§ Stored data
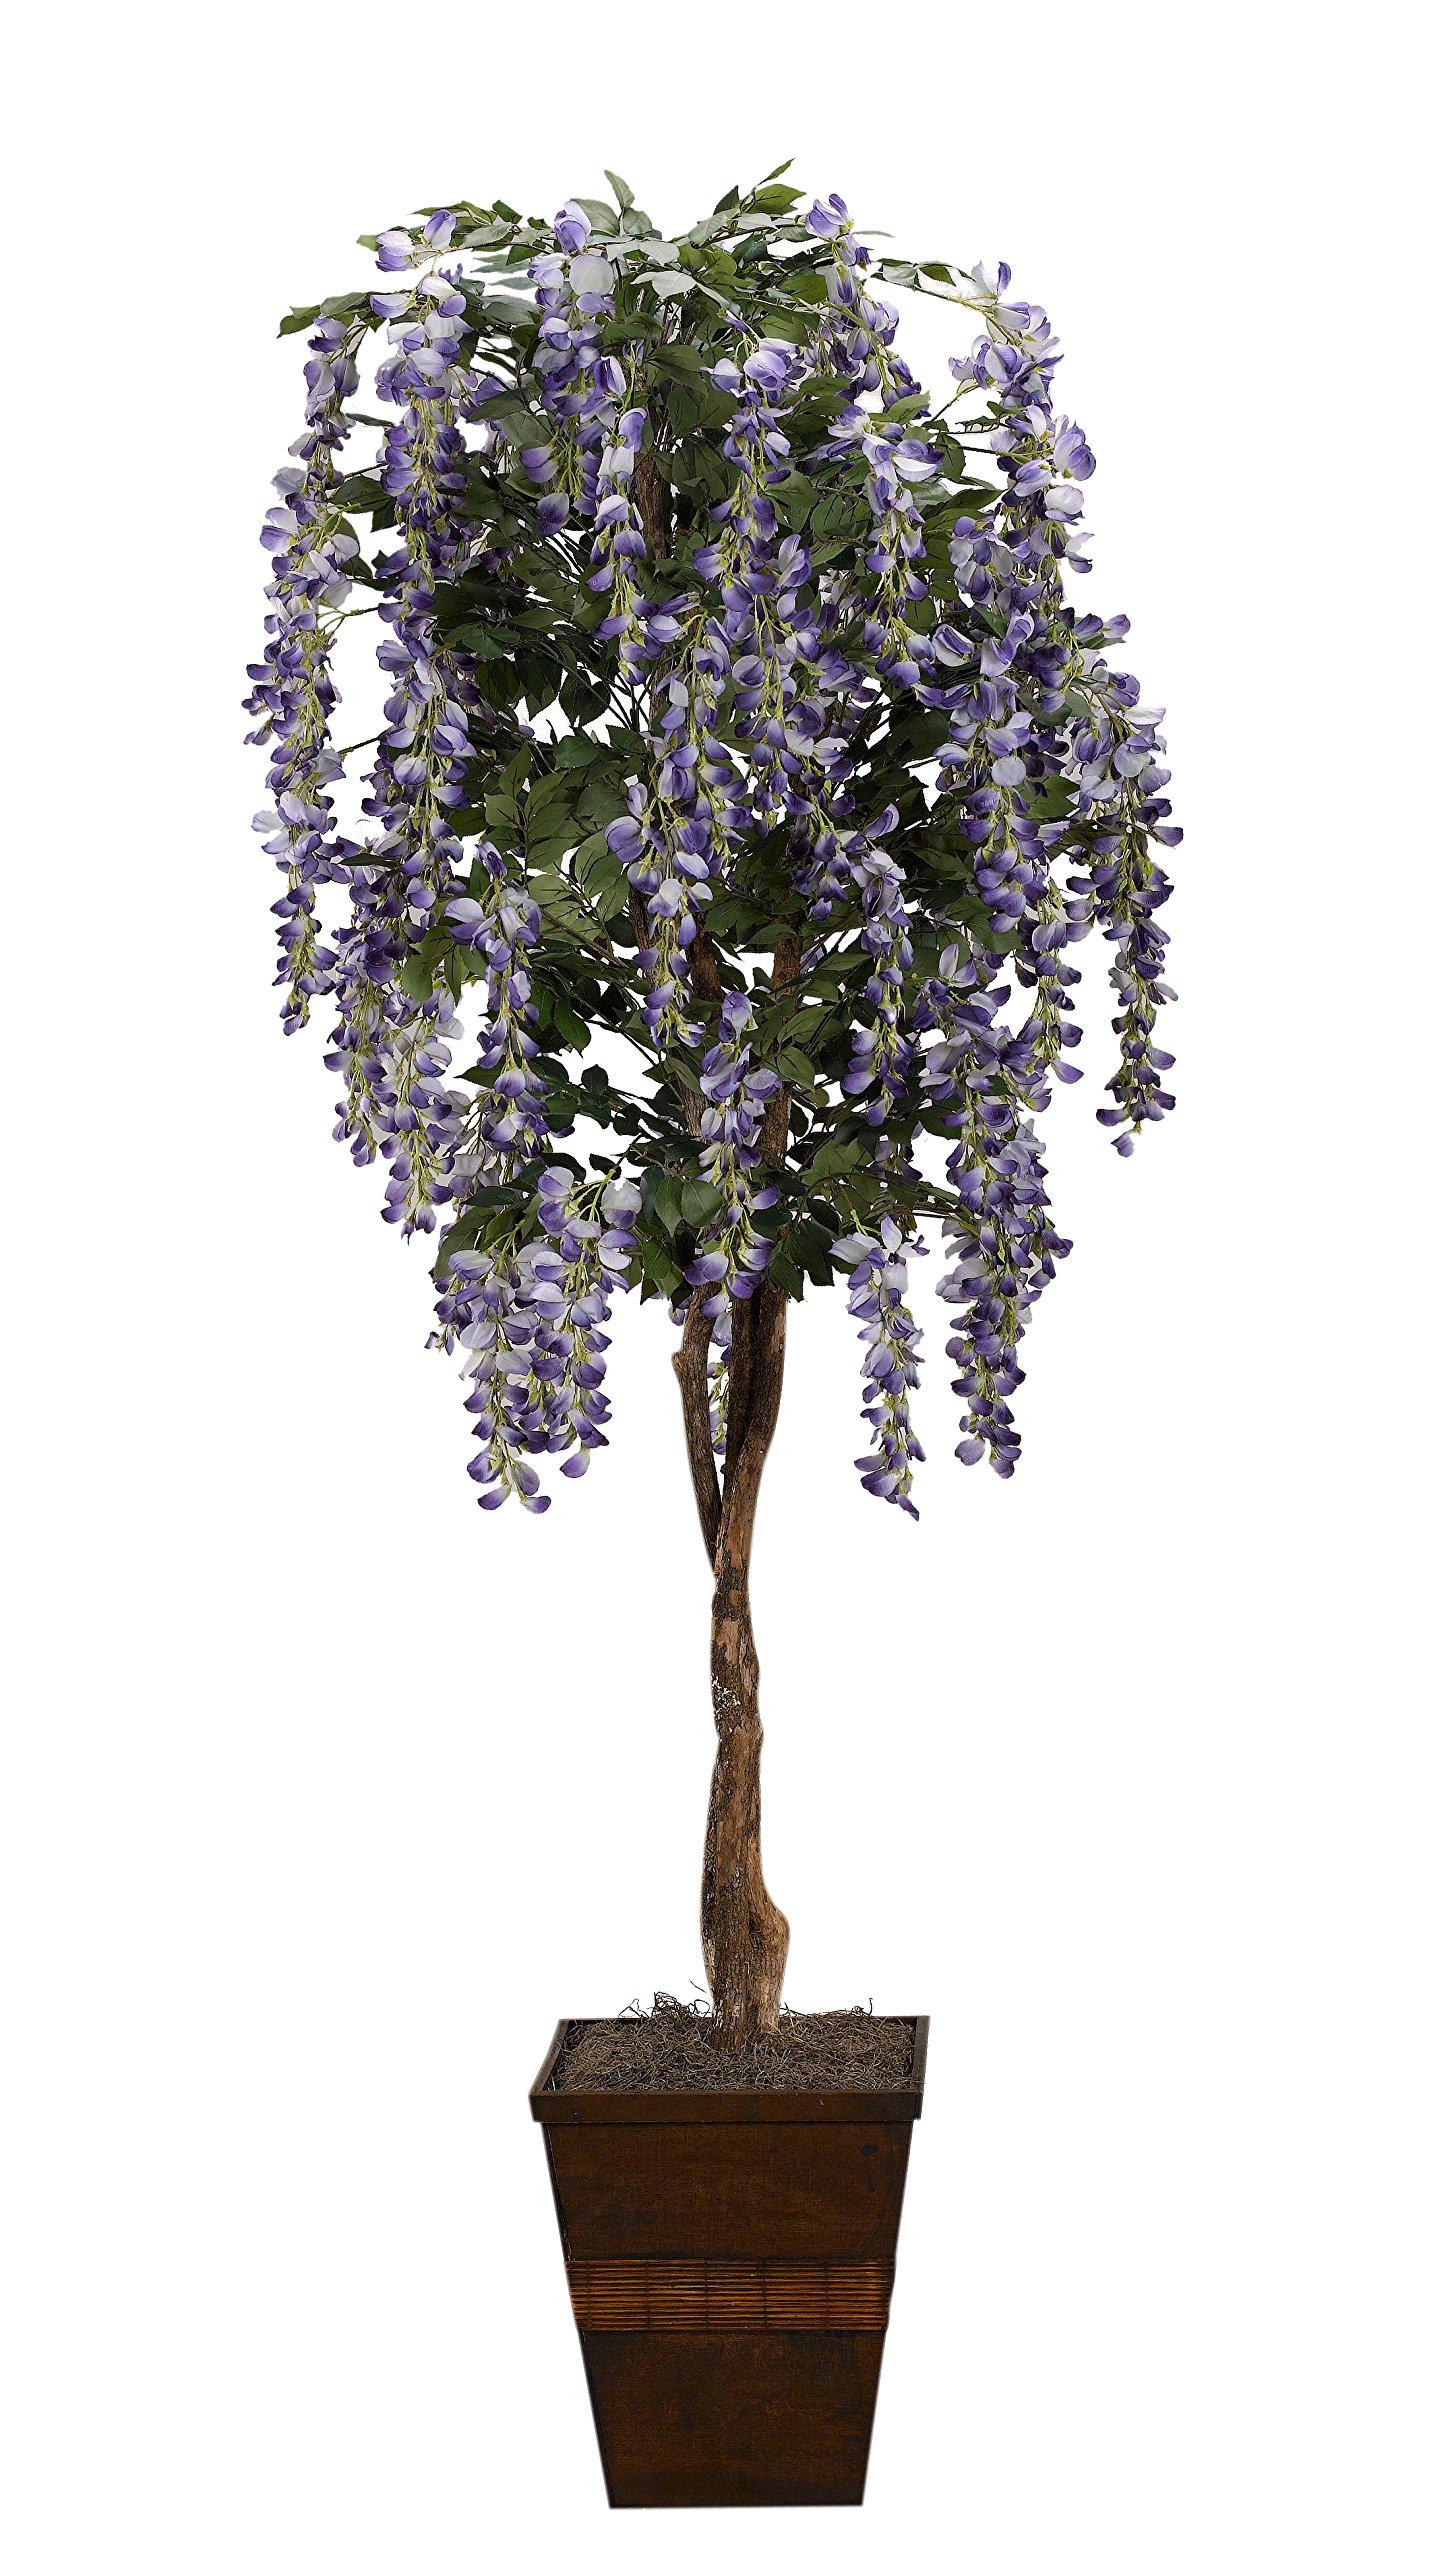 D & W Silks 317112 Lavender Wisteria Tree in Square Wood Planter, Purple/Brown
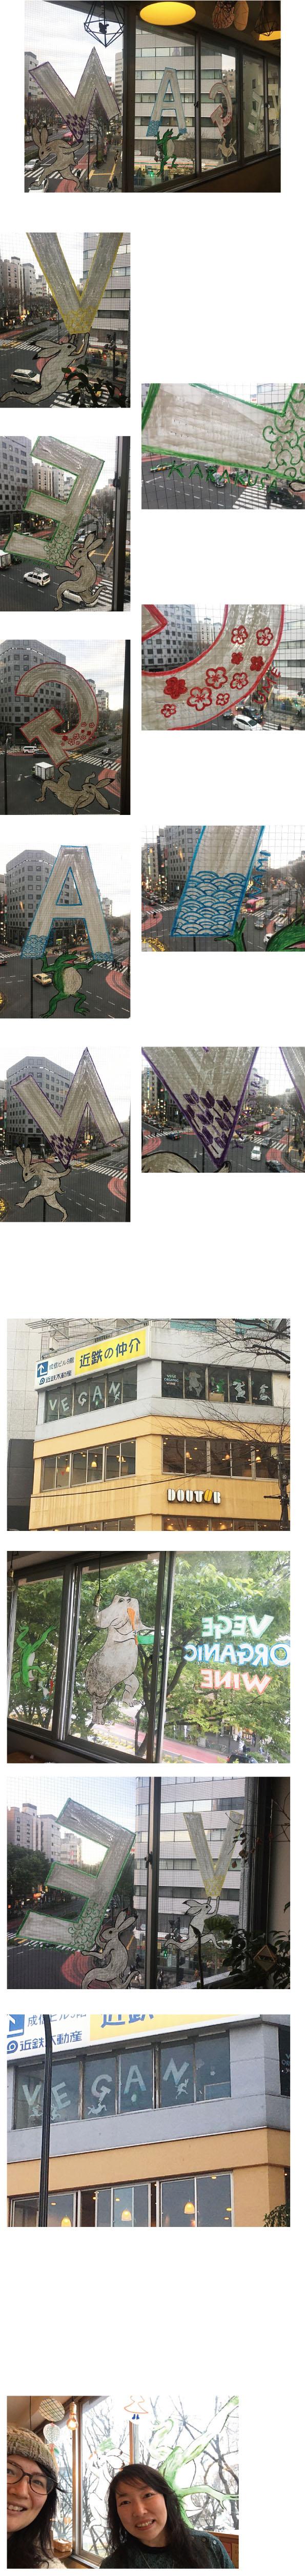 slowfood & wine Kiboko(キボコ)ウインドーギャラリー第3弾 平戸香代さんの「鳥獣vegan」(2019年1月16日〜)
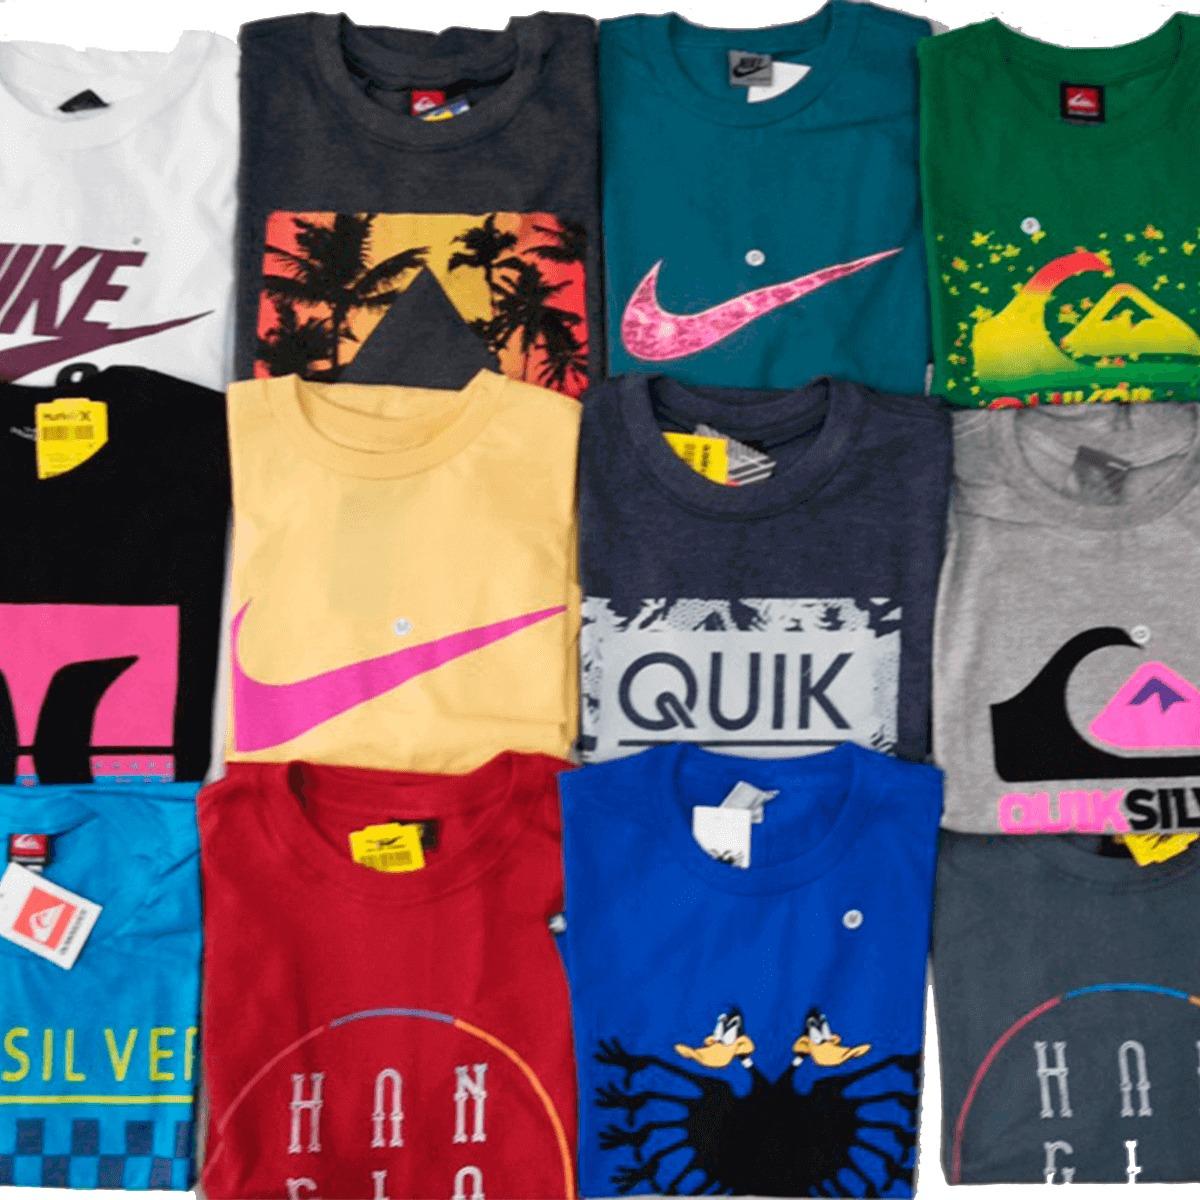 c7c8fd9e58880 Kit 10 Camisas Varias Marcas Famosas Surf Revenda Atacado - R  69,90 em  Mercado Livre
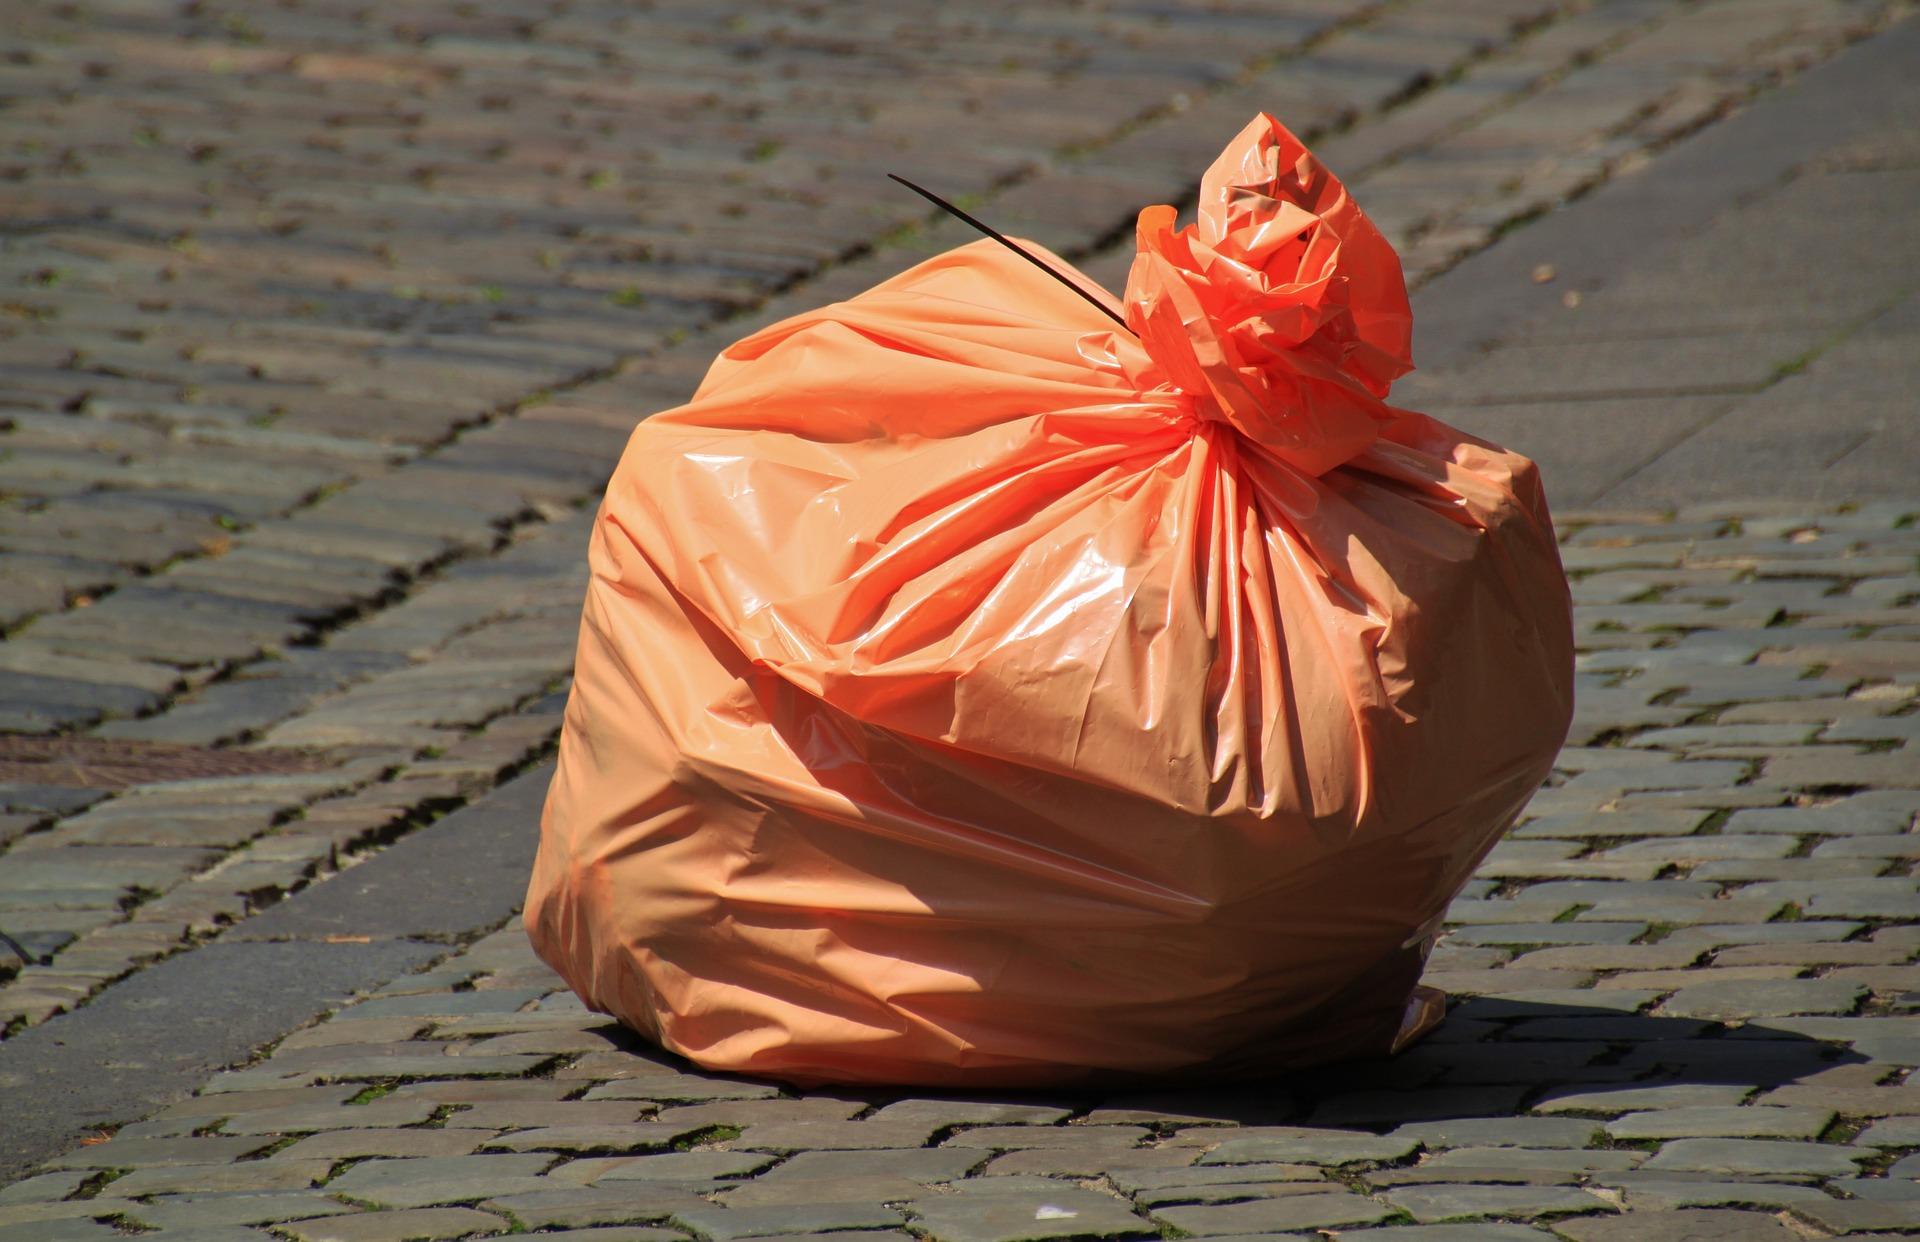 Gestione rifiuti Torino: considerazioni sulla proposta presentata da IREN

§ Aim of the exercise
Your copy must start at the line that holds "c7c8fd9e58880 Kit 10" and end at the last line of the data, both included; it must contain no pictures.

§ Problem solution
 c7c8fd9e58880 Kit 10 Camisas Varias Marcas Famosas Surf Revenda Atacado - R  69,90 em  Mercado Livre
 Gestione rifiuti Torino: considerazioni sulla proposta presentata da IREN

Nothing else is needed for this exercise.